The practice of polygamy has had a long history in Kazakhstan, which officially decriminalized the practice in 1998, being the only Central Asian country to do so. Polygamous marriages are not recognized under the law, but bigamy is not a crime. In practice, polygamy is common in Kazakhstan, and is often seen as a sign of a man's social prestige.

==Polygamous marriage==
While currently illegal, there have been numerous proposals in the recent years to legislate polygamous marriage in the country; the most recent attempt was in mid-2008. A similar bill was introduced in 2007, though was swiftly outvoted in the parliament. In February 2011, presidential candidate Amatay Asilbek stated that legalizing polygamy was one of his campaign positions.

Many proponents of the legislation of polygamous civil marriage in Kazakhstan have argued that legalizing polygamous marriage would help balance out the uneven population, while others have cited the Qur'an as an argument in favor of such legislation, which permits men to marry up to four wives; according that he treats them equally and can financially look after them.

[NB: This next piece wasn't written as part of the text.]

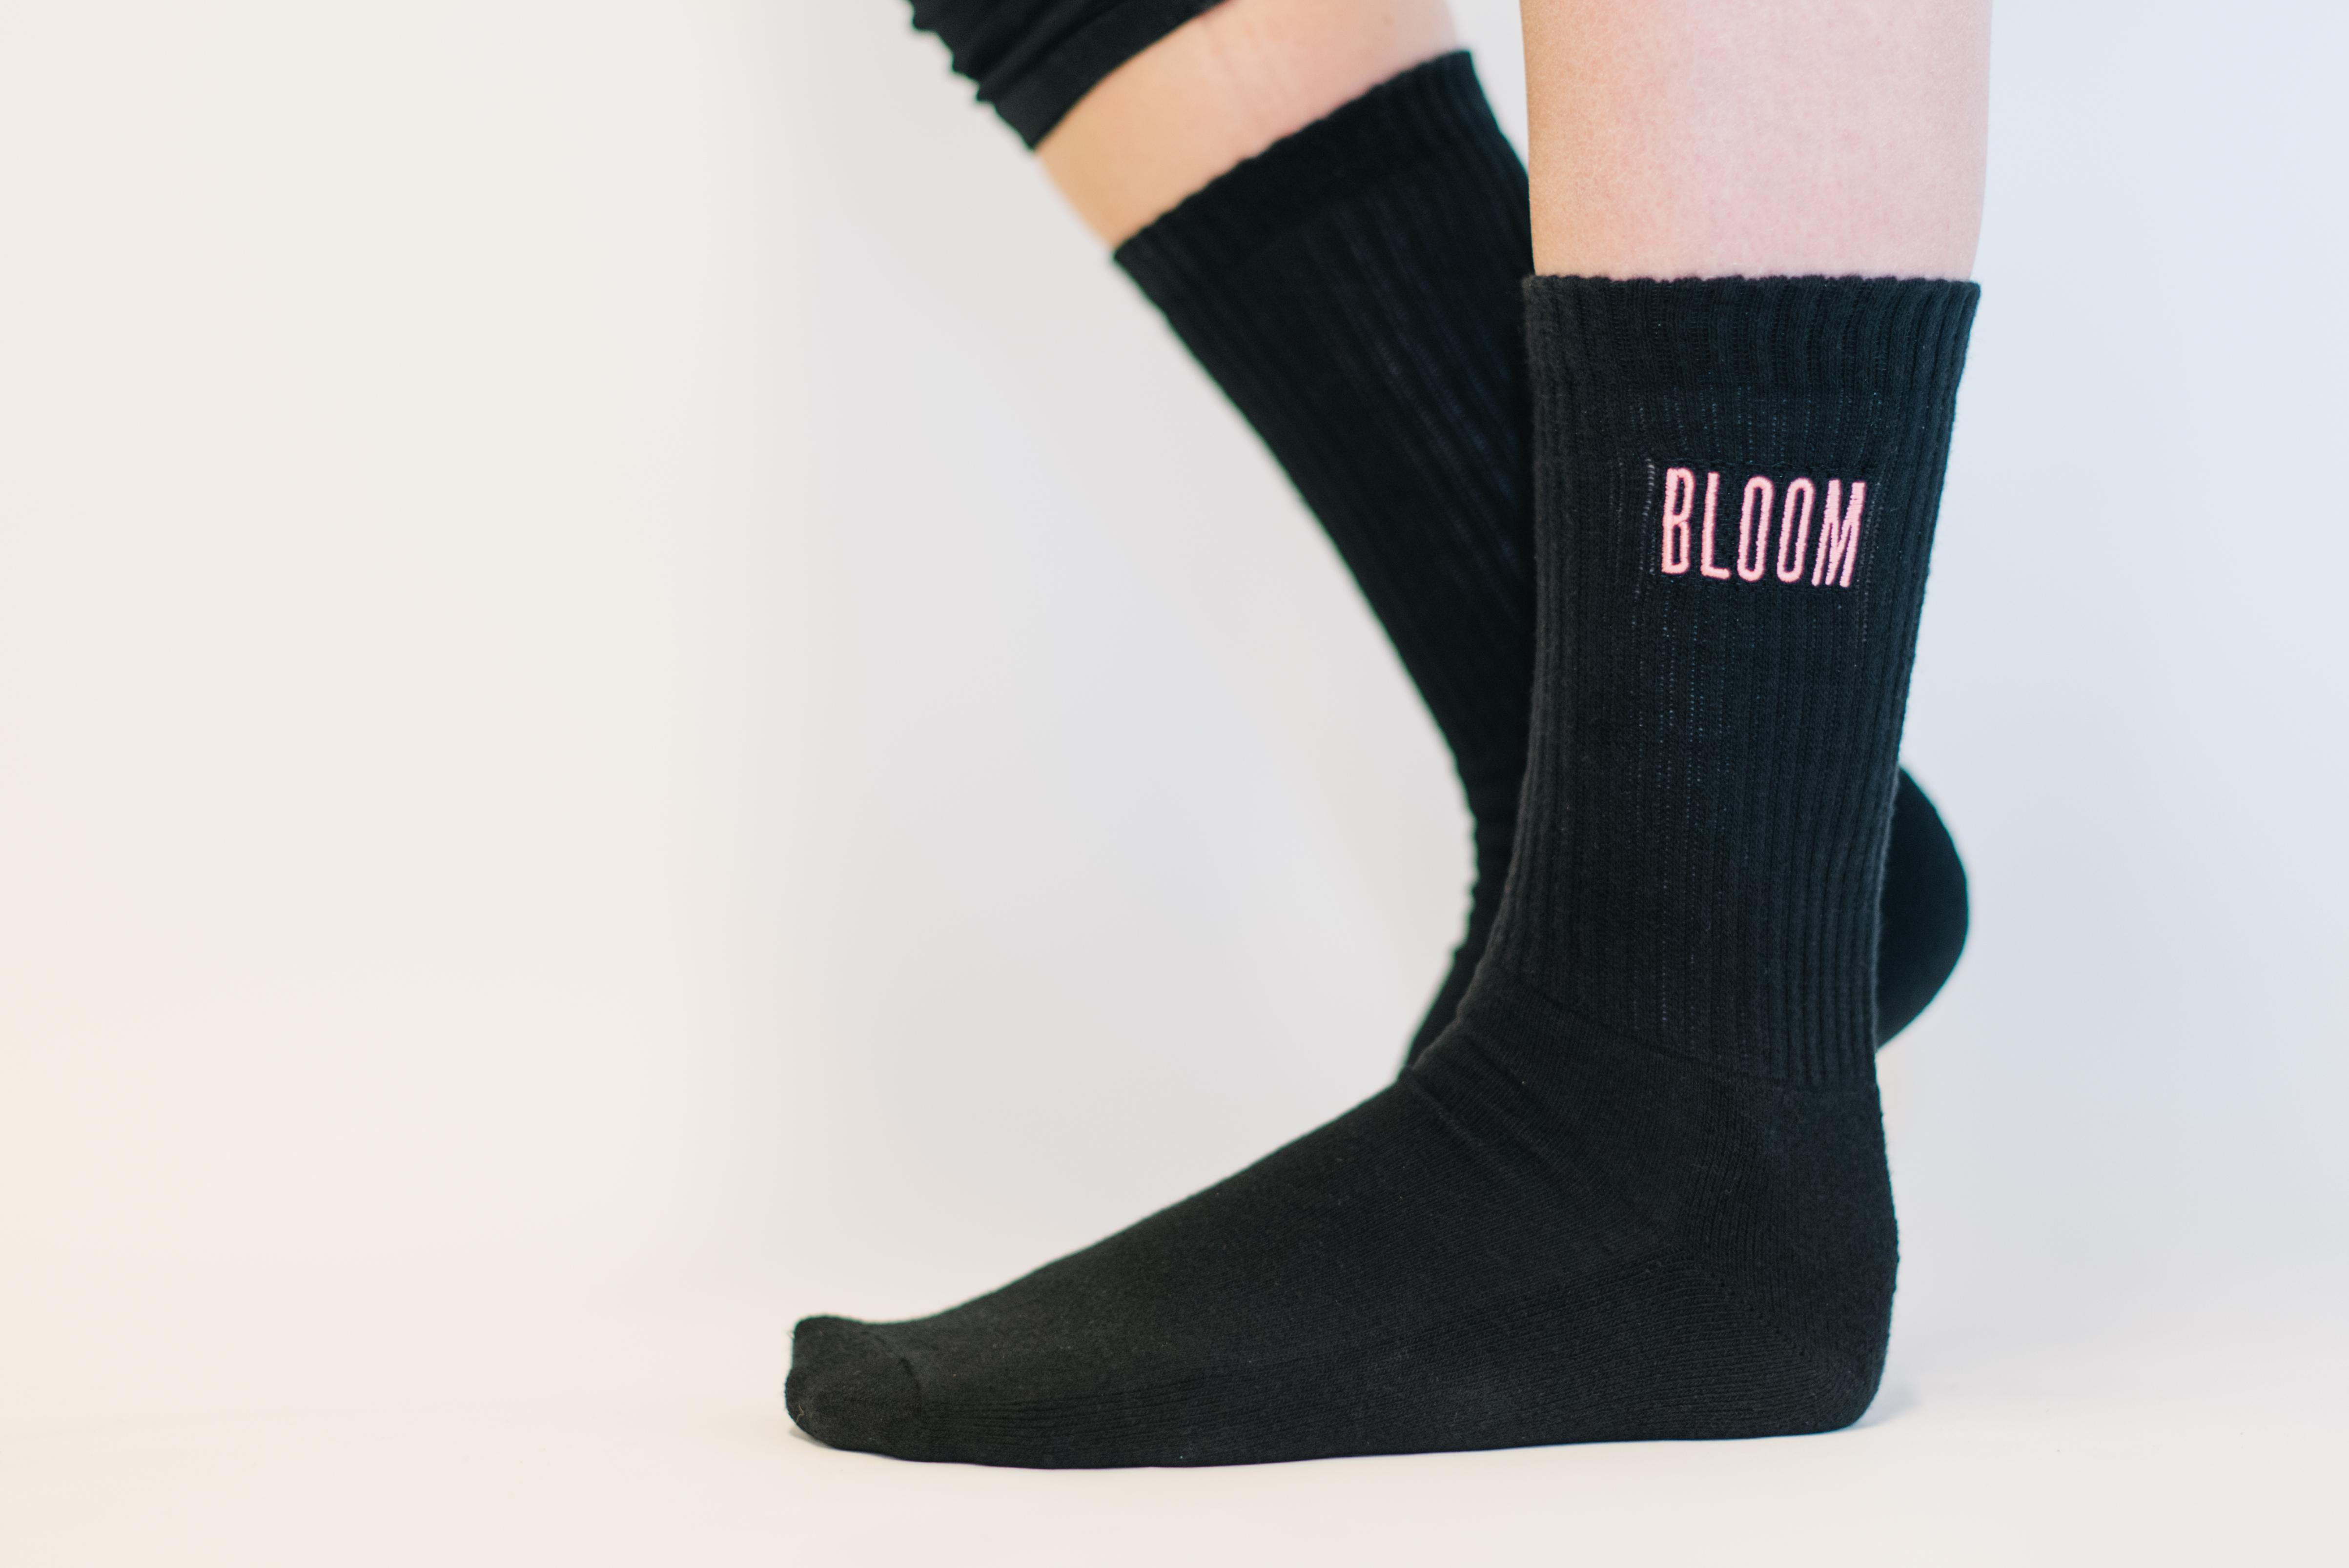 Bloom Black Socks - Lewis Capaldi

Opponents argued that the practice was dangerous to society, while other groups viewed the legislation as discrimination against women, since it would not allow for polyandrous marriages, which sparked a social debate over a possible "common ground" resolution.

==Public opinion==
A poll conducted in 2004 found that some 40% of Kazakh men supported the legislation of polygamy in Kazakhstan, while only 22% of women supported the idea, though with some reservations.